Ношу тяжкого страданья

Средь пустынь, и тундр, и скал

Я влачил в краю изгнанья;

Вдруг ко мне спорхнула ты,

Будто с горней высоты

Ангел мира, ангел света.

Из-за грозных, черных туч

Мне мелькнул веселый луч,

Луч радушного привета.

Дол угрюмой темноты

Вкруг меня ты озарила

Блеском детской красоты.

Мне дала обратно силы,

Я с судьбой мирюся вновь:

Здесь знакомым чем-то веет,

Здесь моей семьи любовь

Душу трепетную греет.


12 февраля

Перепишу две пиэсы, которые я написал: одну еще в сентябре месяце в Уринском селении, когда молотили мой хлеб, а другую в Верхнеудинском. Первая на смерть моего незабвенного Николая (Глинки),[1209] другая на рождество для атаманского Петиньки:[1210]

1

Ты жил, ты подавал блестящие надежды;

Ты вдруг исчез, ты не исполнил их;

Пред роком мы стоим, унылые невежды,

И говорим: «Зачем покинул ты своих?

Зачем расстался с жизнью молодою

И следа не оставил на земле?».

Ты был для нас отрадною звездою

В житейской безотрадной мгле.

Звезда погасла: огненной струею,

Разрезав небо, твой мгновенный свет,

Подобно быстрому, ночному метеору,

Пронесся по обзору,

И мы глядим — и нет!

Что ж? о тебе воспоминанье.

Как смутное, несвязное мечтанье,

Изгладится из памяти друзей?

О мой питомец! сын души моей!

Ужели даром я, поэт, тебя взлелеял?

От плевел заблужденья и страстей

Я самого себя пред всюдусущим взвеял

И в грудь твою из собственной своей

Все лучшее, что было в ней,

С болезненной любовью сеял...

И это все напрасно? — ты

Сокрылся в лоно темноты!

А думал я: «Мое моленье

Угодно будет благостной судьбе;

Без слабостей и пятен обновленье

Себе предвижу; возрожусь в тебе».

Но одного еще удара

Недоставало мне — и он меня сразил!

Единой не было средь милых мне могил, —

И вот над нею, как отец Оскара,

Сижу я, одинок, осиротелый бард!

И даже звуков погребальных

Не извлеку из струн моих печальных,

Ах! Дух мой не обнимет, будто нард,

Твоих прекрасных черт, мой юноша, нетленьем;

Под бременем страданья он поник,

И не в моих стихах возлюбленный твой лик

Восторжествует над забвеньем!

2

Христос родился: с неба он

Принес нам жизнь, принес закон

Любви, спасенья, благодати —

И образ восприял дитяти.

Чтоб нашу гордость побороть,

Младенцем слабым стал господь;

Он, грозный судия вселенной,

В дому родительском возрос,

Послушный отрок и смиренный.

И начал проповедовать Христос:

И что ж? божественный учитель,

Владыко ангелов и сил,

Сын божий, смертных искупитель,

Ласкал младенцев и любил;

Детей в объятья принимая,

Лобзая их, он говорил:

«Внемли, надменный! в двери рая

Вступить желаешь ли? вот путь

(Иного нет!): младенцем будь!».

— И я младенец: мой спаситель

Меня и любит, и хранит!

Так! ныне там его обитель;

Но он и слышит все, и зрит,

Он в мраке наших душ читает;

Мою молитву примет он:

Пусть соблюду его закон,

Пусть будут чужды мне до гроба

Пронырство, лесть, коварство, злоба!

Пусть до могилы буду я

И сердцем и душой дитя.


15 февраля

Прочел очень милую комедийку Коцебу[1211] «Переодеванья». Вчера я был на Елозиной горе; вид с нее хорош, да не худо бы было несколько почистить чащу.
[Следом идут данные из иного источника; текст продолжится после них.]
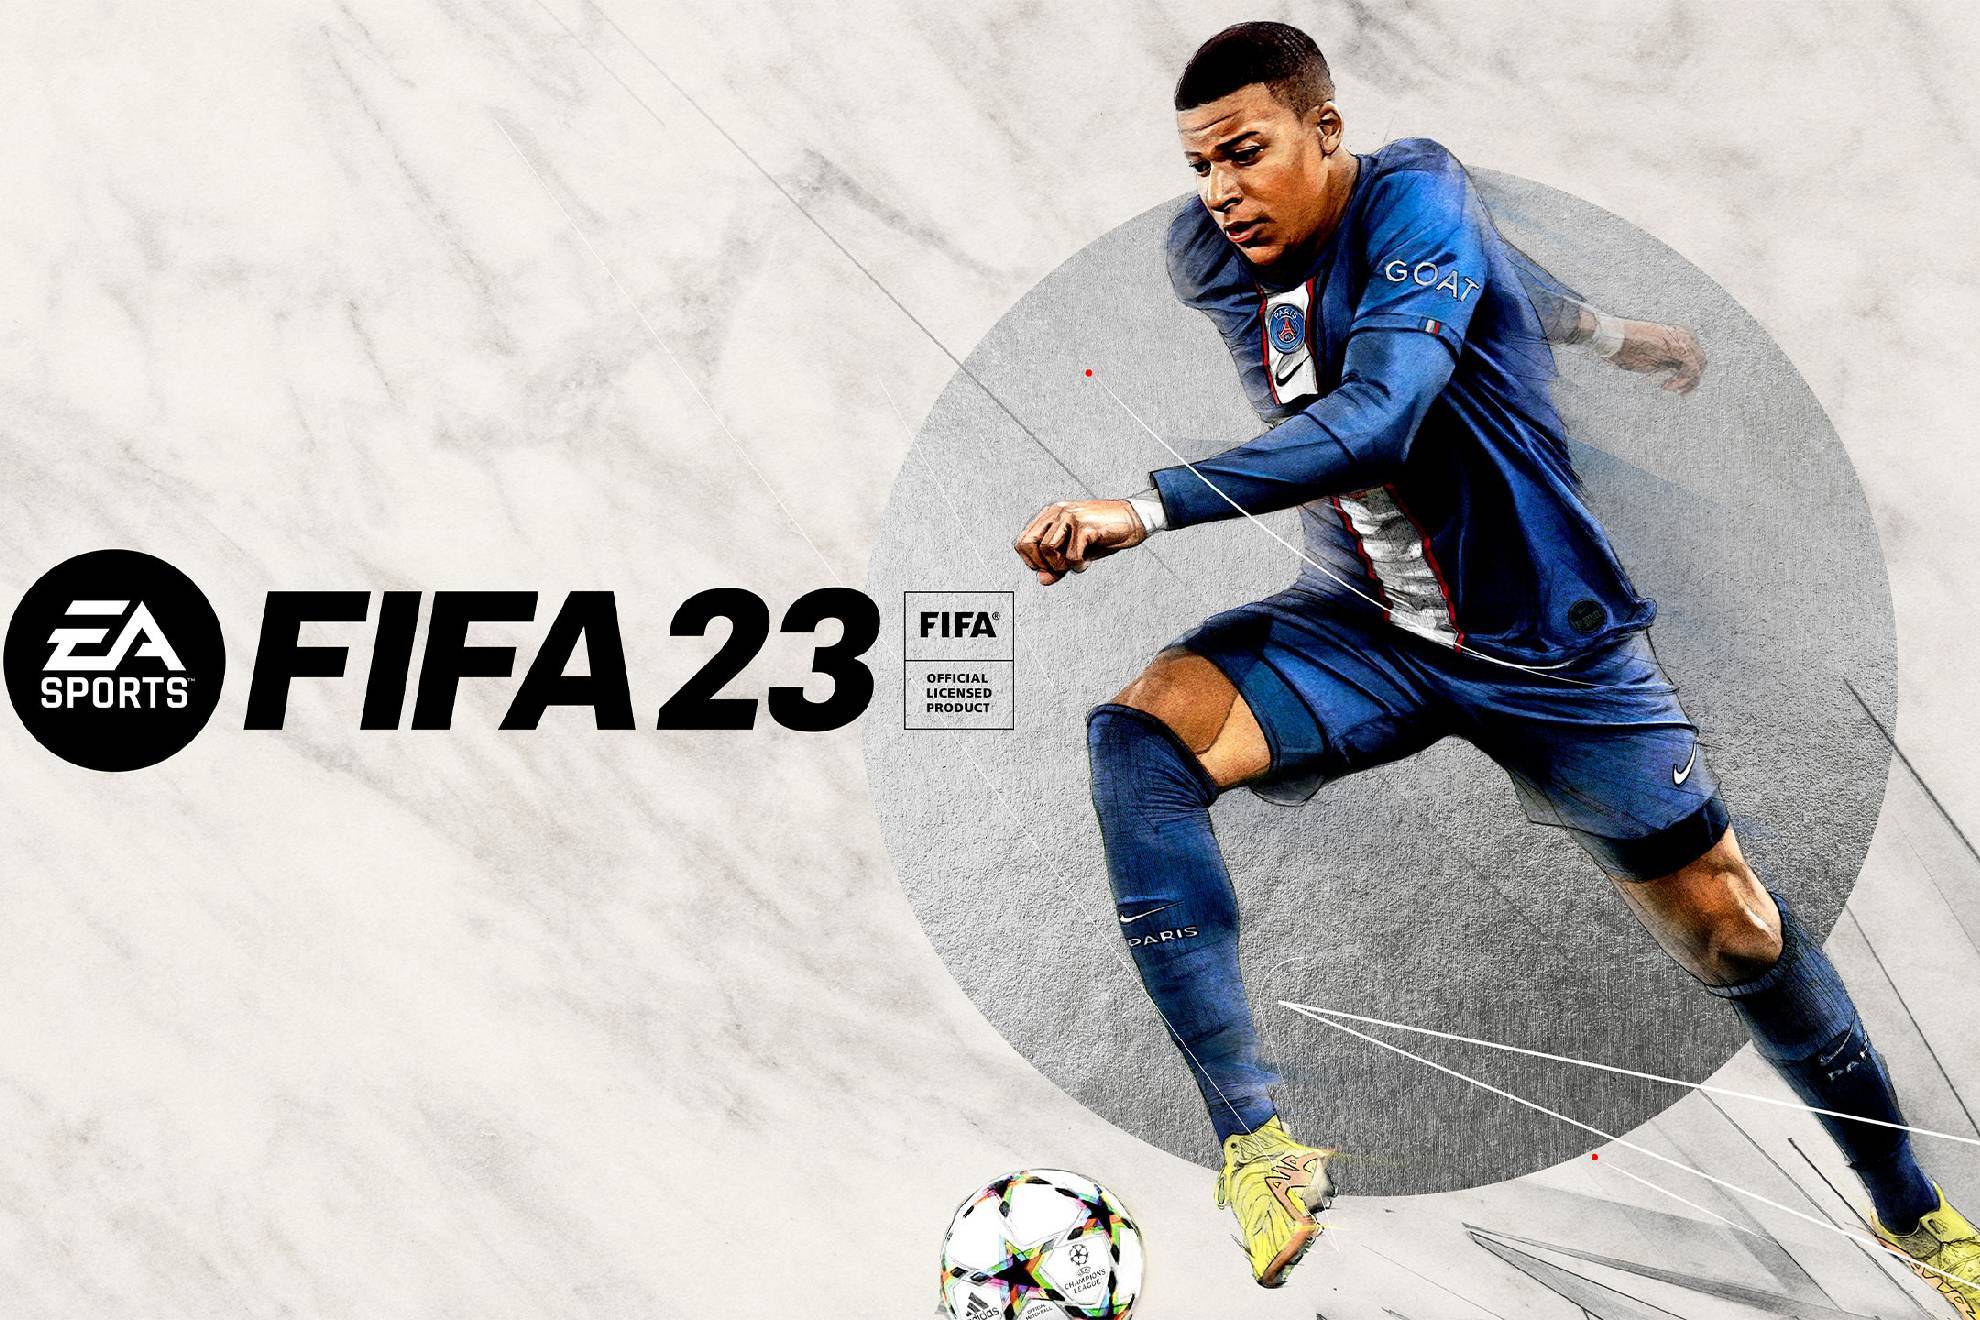 'FIFA 23', el videojuego más vendido en la historia de EA Sports.

Странный феномен! Один мой здешний знакомый, человек очень не глупый, боится Васинькиной куклы.


16 февраля

Были у нас в Акше беги; на масленой, говорят, их будет много. Ввечеру бостонили мы у Истомина.


18 февраля

Хотел было продолжать «Ижорского», но еще не было творческого электрического удара; а просто обдумать план не мое дело: все, что я когда-нибудь обдумывал зрело и здраво, лопало и не оставляло по себе ни следа.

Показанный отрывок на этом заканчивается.